The most memory-efficient method for reading file-contents is to loop over the file object as follwos:

In [21]:
with open("exampleFile.txt","r") as fin:
    for line in fin:
        print(line)

This is the first row.

The sentence, which starts in the second row

ends in the third row.



Last line follows an empty line.


The `readlines()`-method returns a list of string-variables. Each element in this list contains the contents of a single line:

In [22]:
with open("exampleFile.txt","r") as fin:
    linelist=fin.readlines()
print(linelist)

['This is the first row.\n', 'The sentence, which starts in the second row\n', 'ends in the third row.\n', '\n', 'Last line follows an empty line.']


### Write to File

Writing to files can be done in 2 different modes: If the file shall always be erased before writing new text to it the parameter `mode` of the `open(filename,mode)`-method must be set to `mode='w'`. If the new content shall be appended to the already available contents in the file the mode parameter must be set to `mode='a'`. For writing, the file object, which is returned by the `open(filename,mode)`-method provides the methods `write()` and `writelines()`. The former writes the string in the methods argument to the file. The argument of the latter must be a list of strings, which is written to the file (not line by line, unless a `\n` is at the end of the list-elements):  

In [23]:
fout=open("outPutFile.txt",'w')
fout.write("My first row is here.\n")
fout.write("Here is the second row.\n")
usertext=input("Enter some text for the third row! ")
fout.write(usertext+'\n')
fout.writelines(['line 1','line 2'])
fout.close()

Enter some text for the third row! this is example text


In [24]:
with open("outPutFile.txt",'a') as fout:
    fout.write("Appended this line")

Note that in this way only string-variables can be written to files. Non-string-variables need to be converted to strings before writing:

In [34]:
with open("outPutFile.txt",'a') as fout:
    num=12.7
    try:
        fout.write(num)
    except:
        print("ERROR: Can't write this data type to file")

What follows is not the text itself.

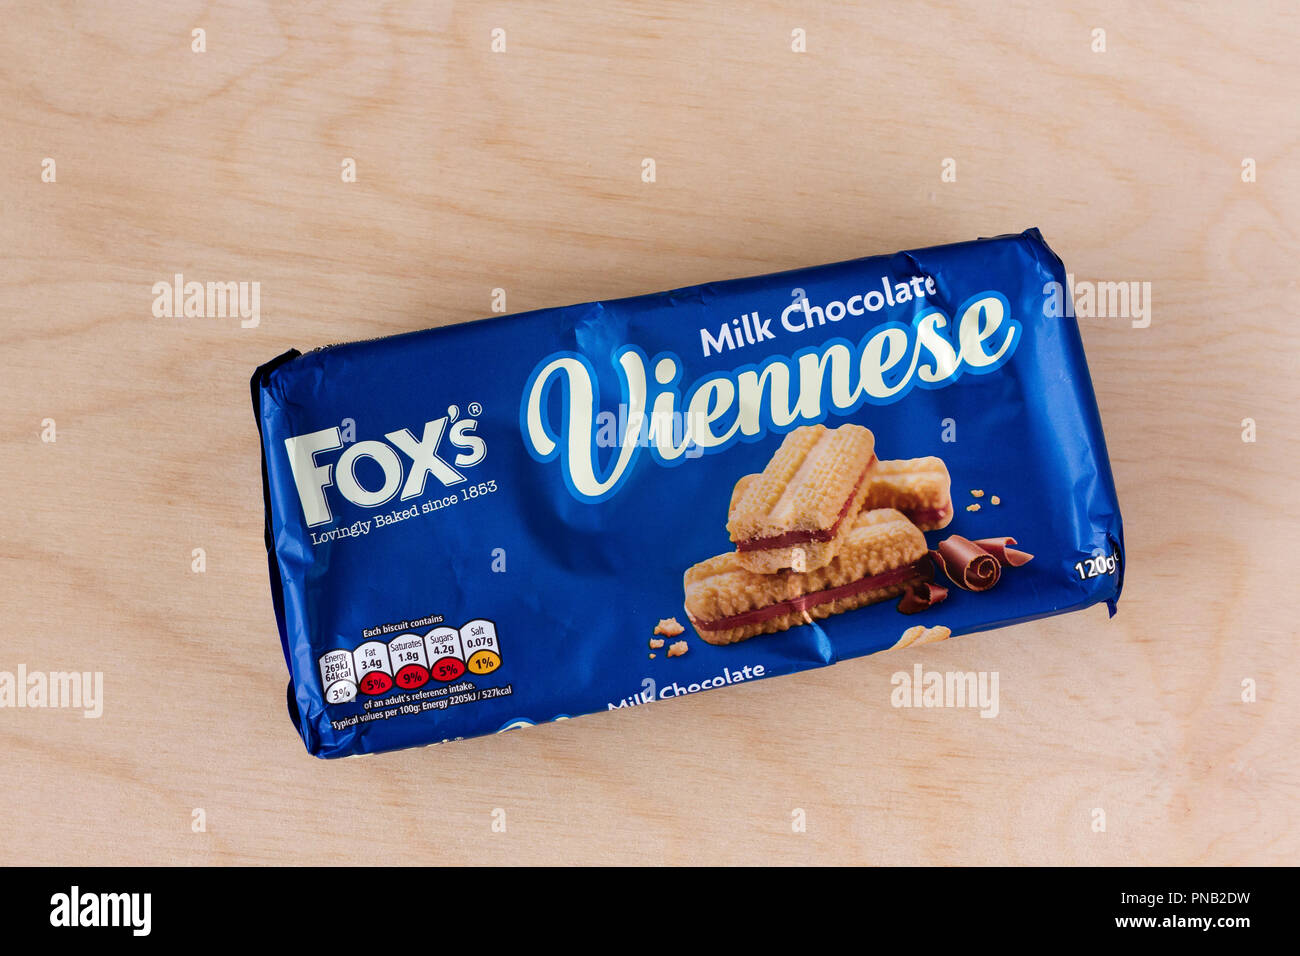 Foxs Viennese Milk Chocolate biscuits, unopened packet on a light wood background, United Kingdom Stock Photo

ERROR: Can't write this data type to file


In [35]:
with open("outPutFile.txt",'a') as fout:
    fout.write('\n')
    fout.write(str(num))

> There exists many Python packages for accessing files of certain types, e.g *.csv, Excel, json*, even for formats of other media types such as *.jpeg, .png, .wav, .mp3, .mp4, etc.*. Accessing databases is subject of lecture [Database Access](07DataBaseSQL.ipynb).